**The problem**.
With the pictures excluded, reproduce all of the data exactly.
*** Collected data ***
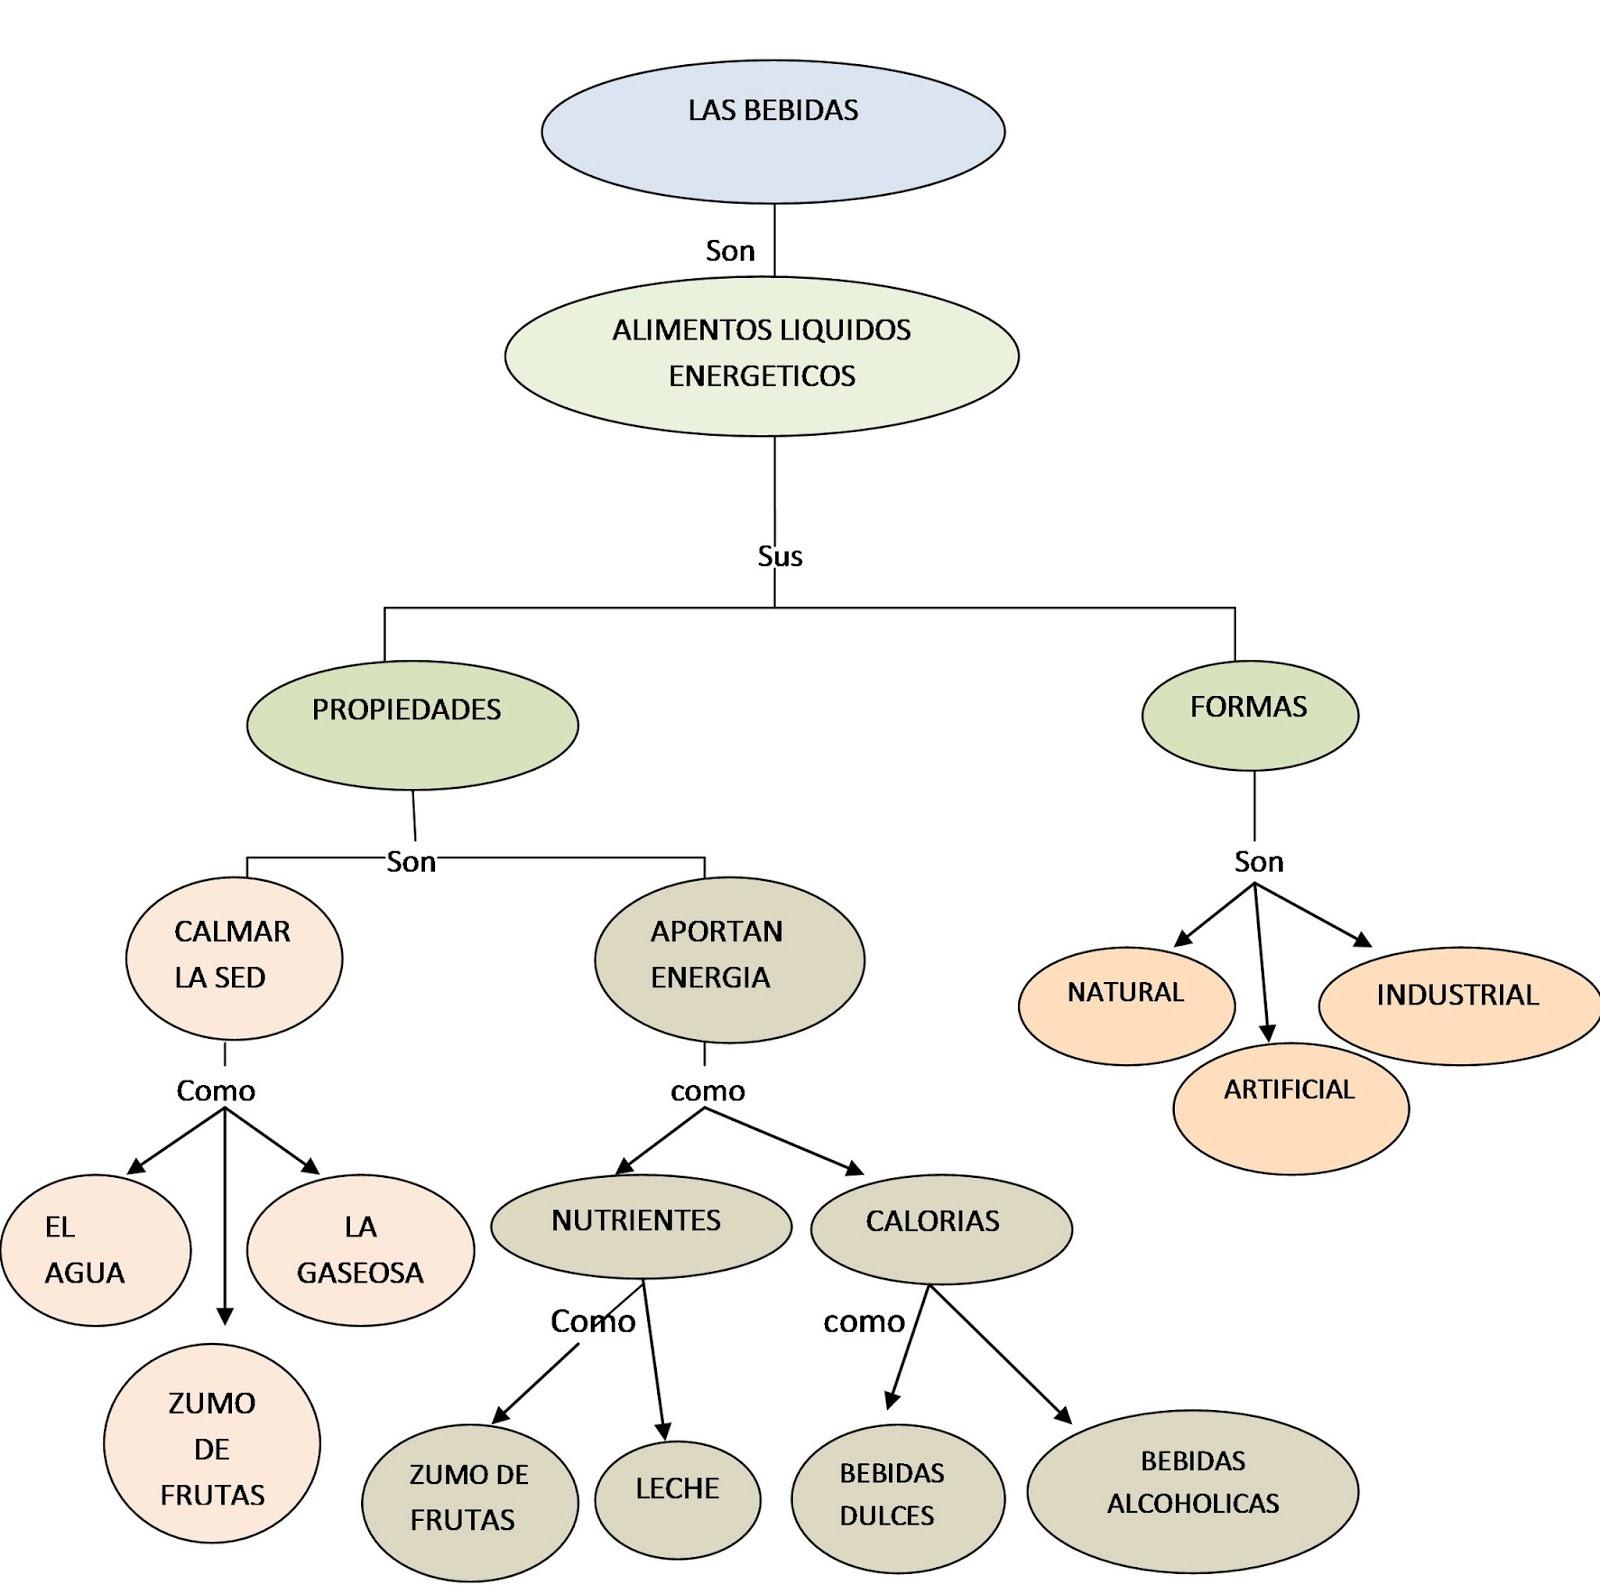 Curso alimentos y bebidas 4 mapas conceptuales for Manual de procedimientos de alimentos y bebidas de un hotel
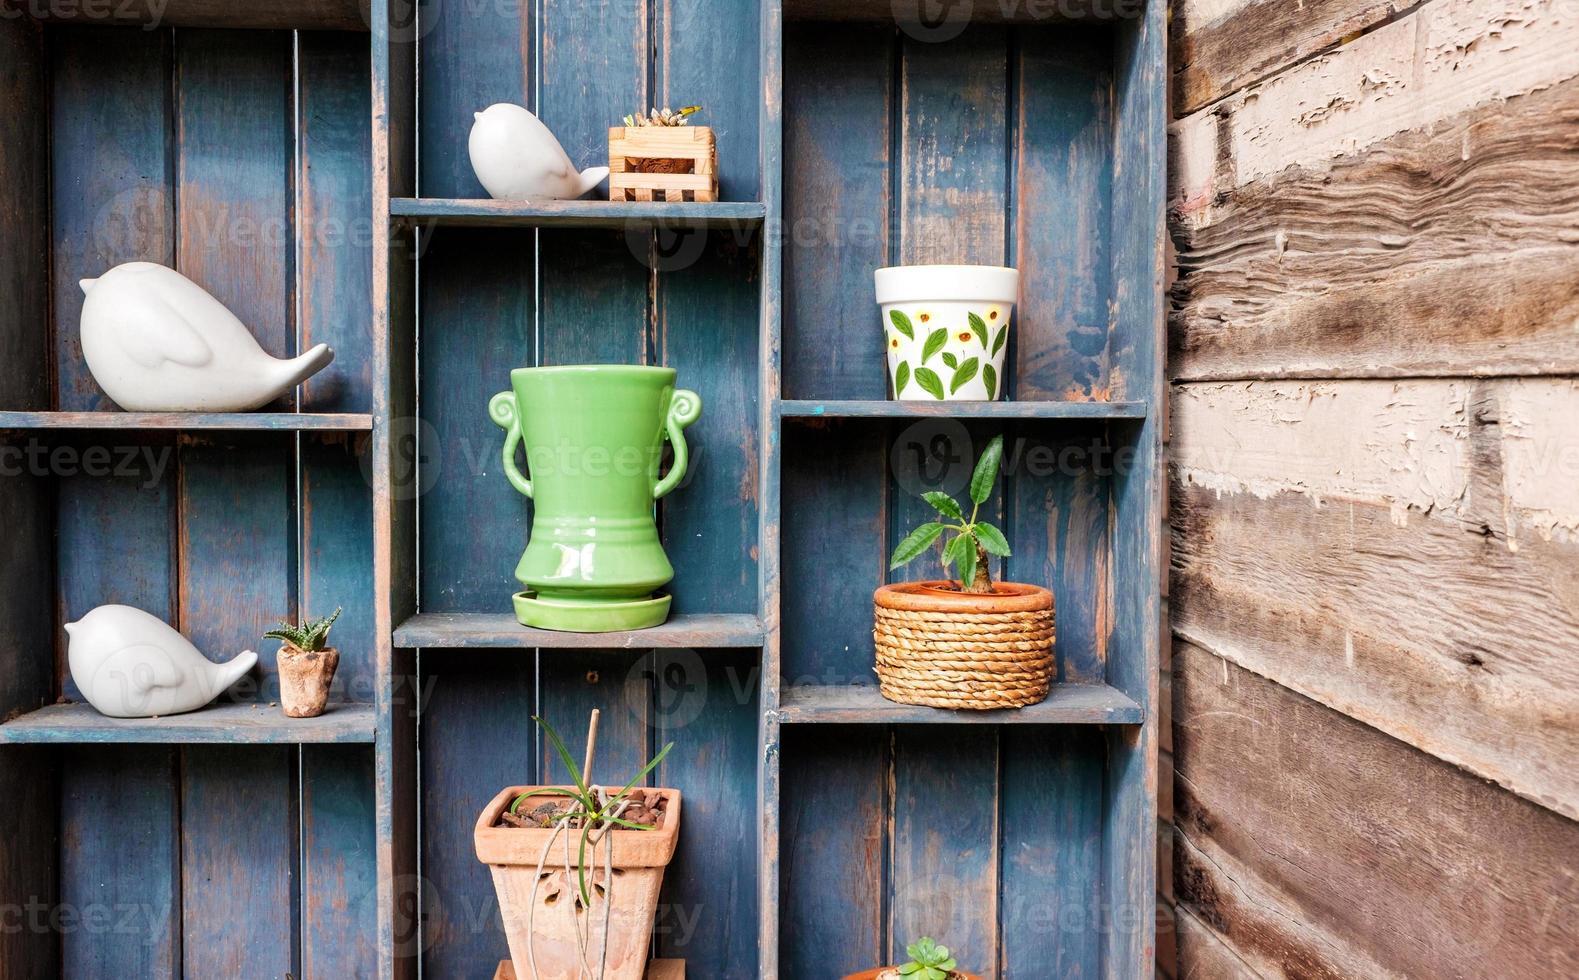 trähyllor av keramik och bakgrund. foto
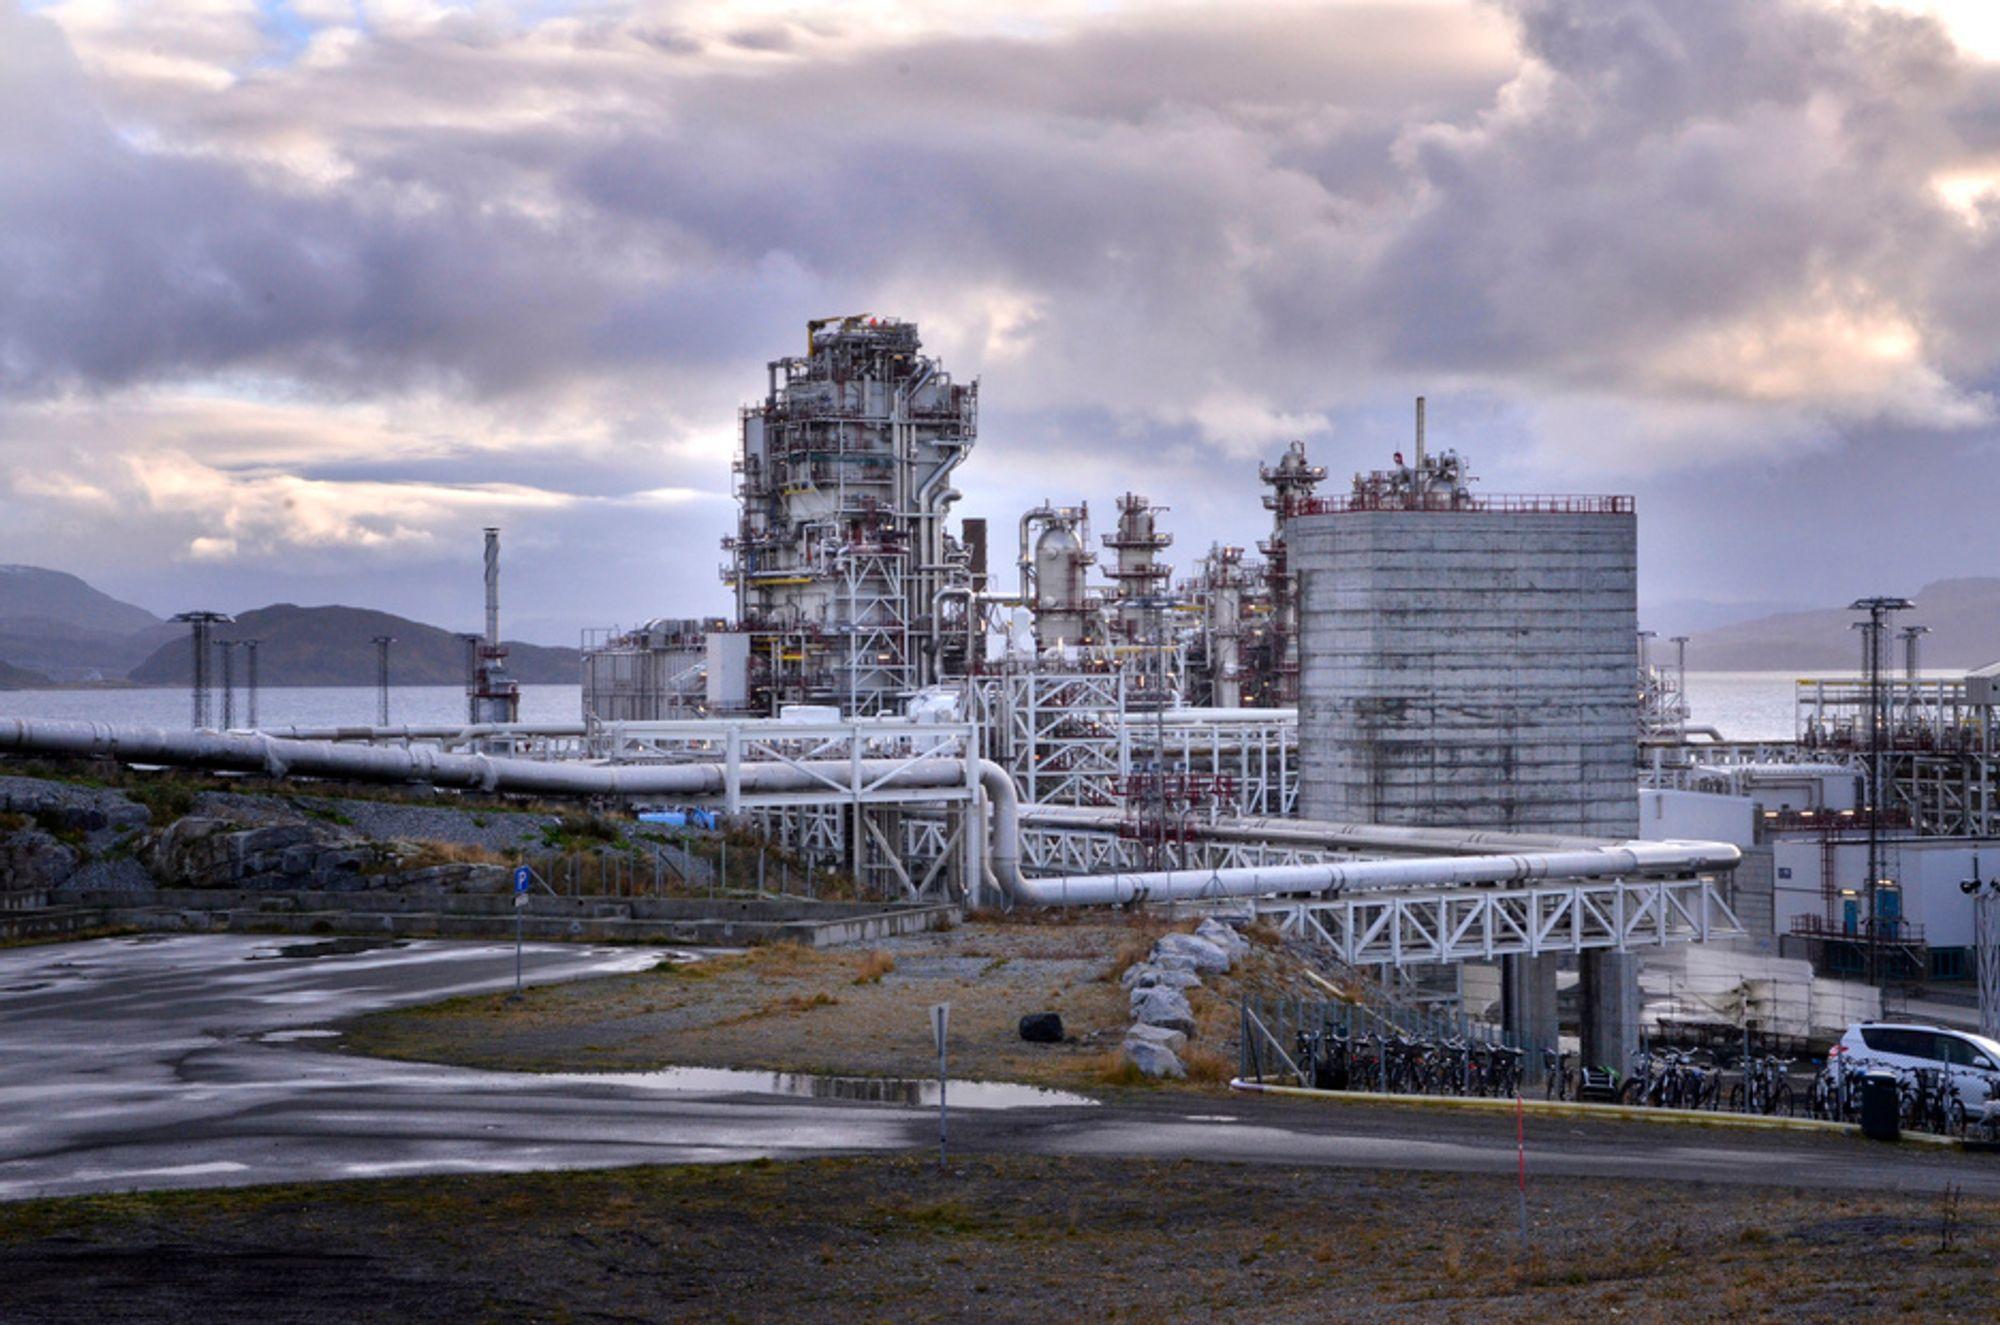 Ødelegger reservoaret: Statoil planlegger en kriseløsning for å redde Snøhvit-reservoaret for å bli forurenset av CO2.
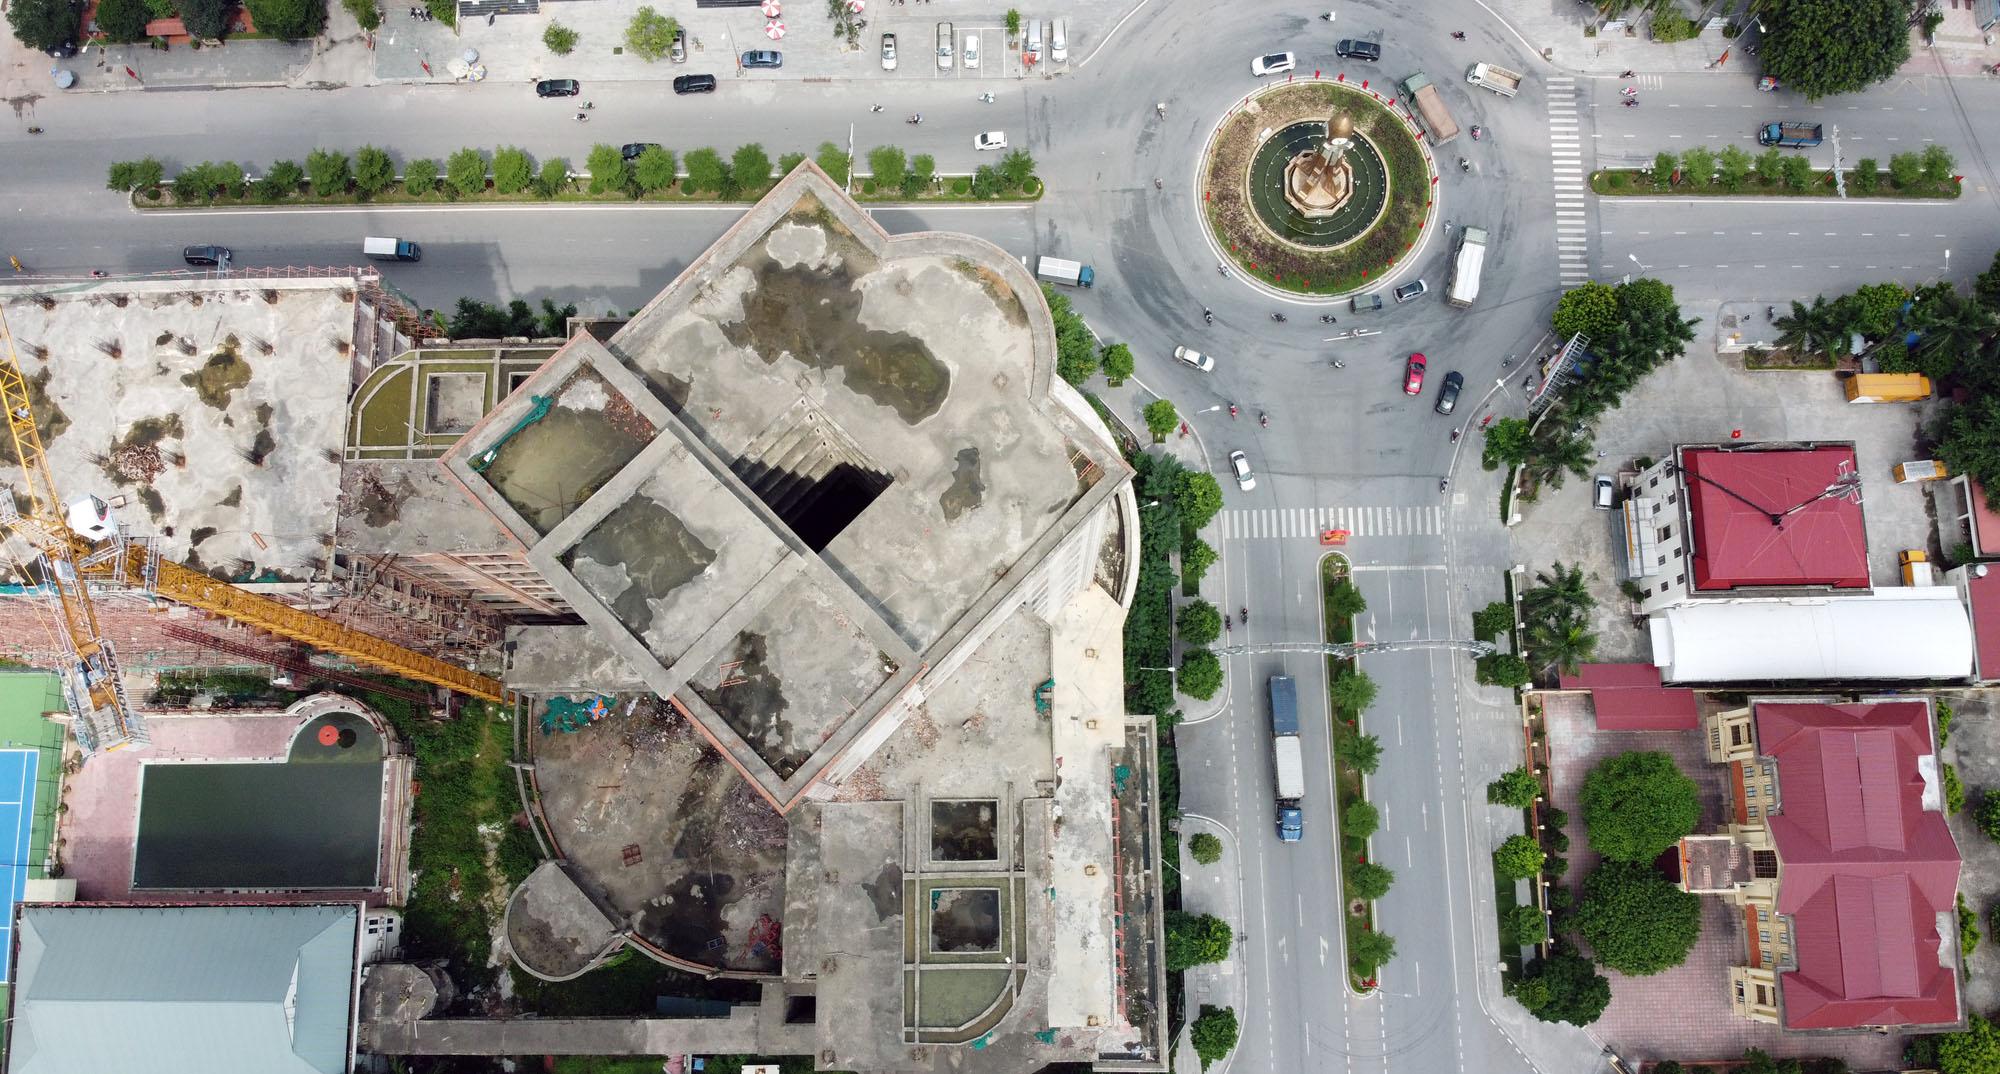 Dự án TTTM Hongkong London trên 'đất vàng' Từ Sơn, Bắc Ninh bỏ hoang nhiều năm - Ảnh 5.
*** End of Collected data ***
**Output for this task**.
 Curso alimentos y bebidas 4 mapas conceptuales for Manual de procedimientos de alimentos y bebidas de un hotel
 trähyllor av keramik och bakgrund. foto
 Ødelegger reservoaret: Statoil planlegger en kriseløsning for å redde Snøhvit-reservoaret for å bli forurenset av CO2.
 Dự án TTTM Hongkong London trên 'đất vàng' Từ Sơn, Bắc Ninh bỏ hoang nhiều năm - Ảnh 5.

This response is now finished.